Plug-in Improved Techniques for Transformers
The sampling approach over the projected token distribution is critical in an auto-regressive generation. The most prevalent strategies, top-k or top-p (nucleus) sampling, have an incomplete truncation problem.
VQVAE, p Truncation with top-k sampling, where the embeddings of some tokens are quite similar, is used to learn the vocabulary of picture tokens. A vocabulary of 20,000 tokens is utilized to express frequent patterns at a more acceptable resolution, which is three times greater than the previous efforts, compounding the situation. In icetk, for example, there are roughly 42 tokens that are fundamentally “white” and only display tiny changes when connected to other tokens. Although the sum of the probability of these “white” tokens may be significant enough, top-k sampling could filter out the majority of them. The issue is depicted in Figure 5.
Textual Attention is Prioritized
In CogLM’s enormous training data, most text-image combinations are marginally meaningful. Even if the model perfectly fits the data, it should still have a reasonable chance of producing irrelevant images. The explainability of the attention operation is explained to boost the relevance. A constant c is applied to all attention scores from picture tokens to text tokens. This technique consumes minimal time but significantly increases the linguistic significance of the images generated. In actuality, c will not affect the image quality.

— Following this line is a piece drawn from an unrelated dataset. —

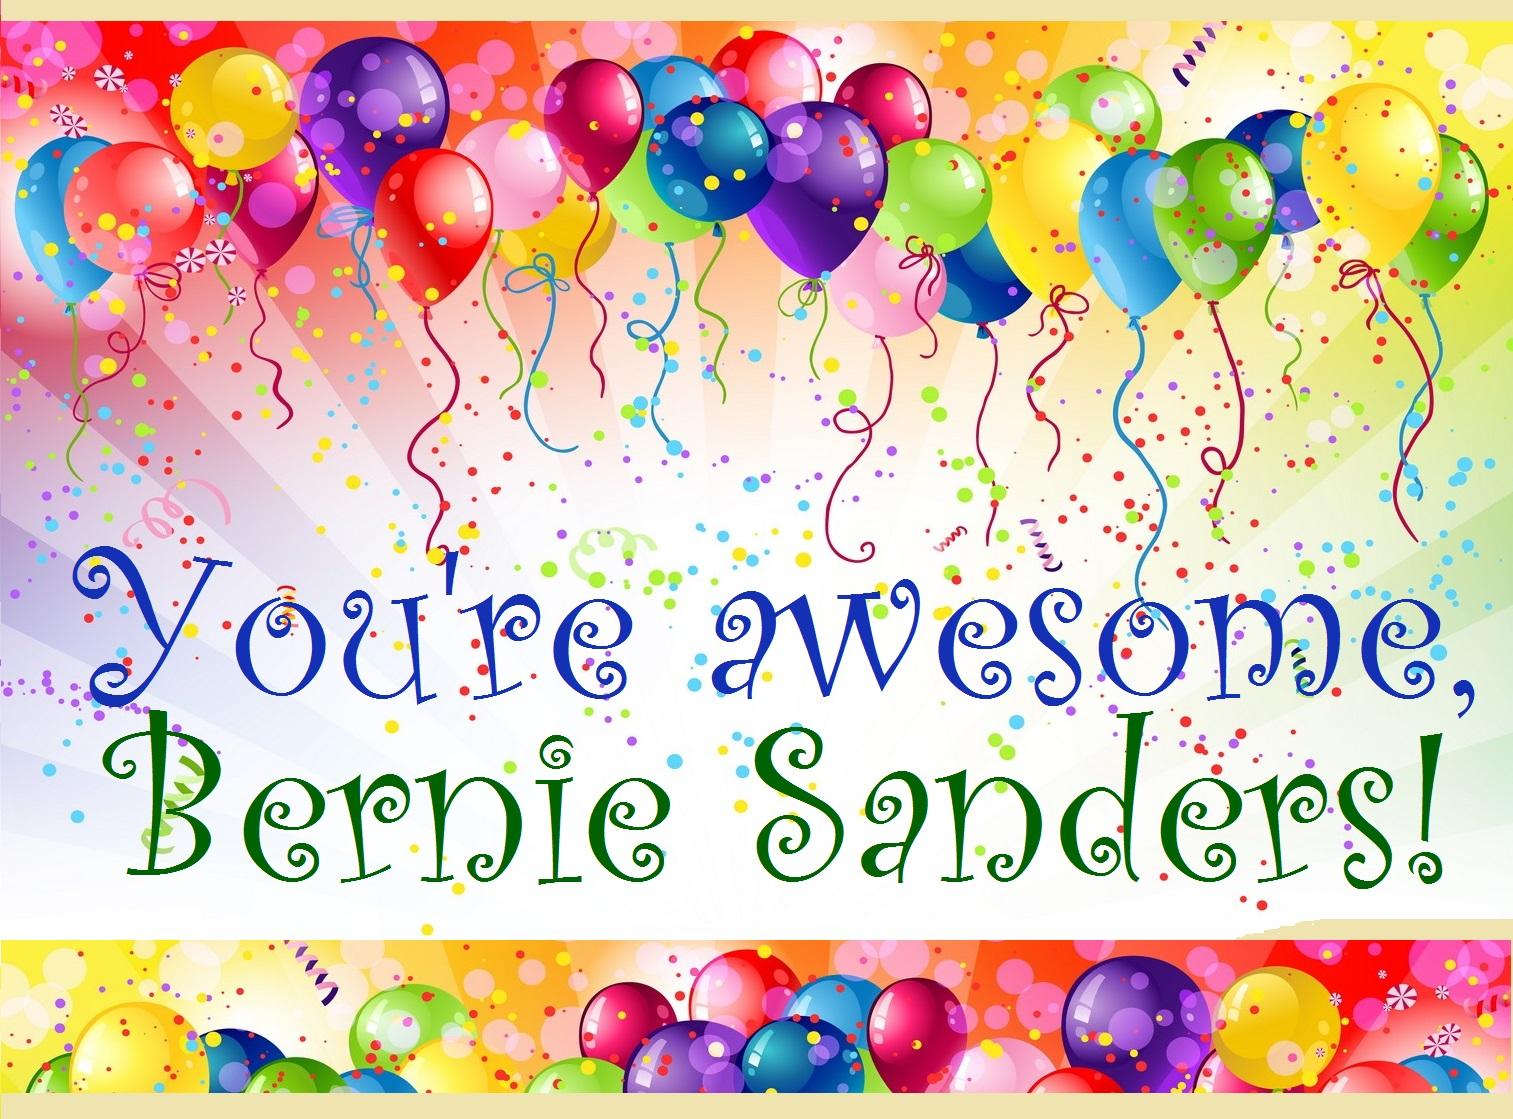 celebrate Bernie Sanders!

One of the essential features of visual data is its locality. Before ViTs, visual computing was dominated by local processes like convolution. Even in the ViTs, the exchanges between local tokens receive the most attention. It was discovered that fine-tuning the pre-trained CogLM with local and textual attention is often compatible with the pretraining global attention weights. However, utilizing a high-level framework like Pytorch, 2D local attention cannot be implemented efficiently. A CUDA kernel is created that supports both 2D local attention and 2D auto-regressive local attention, and cross-resolution local attention. Local attention with a kernel size of 9 X 9 is employed in the super-resolution modules, which is 40 X times faster and uses 1% less memory than global attention on a 4,096 sequence with a hidden size of 64 per head.
Overall, the work uses hierarchical transformers to help autoregressive text-to-image models overcome slow generation and high complexity difficulties and bridge the gap between text-to-image pretraining and visual transformers.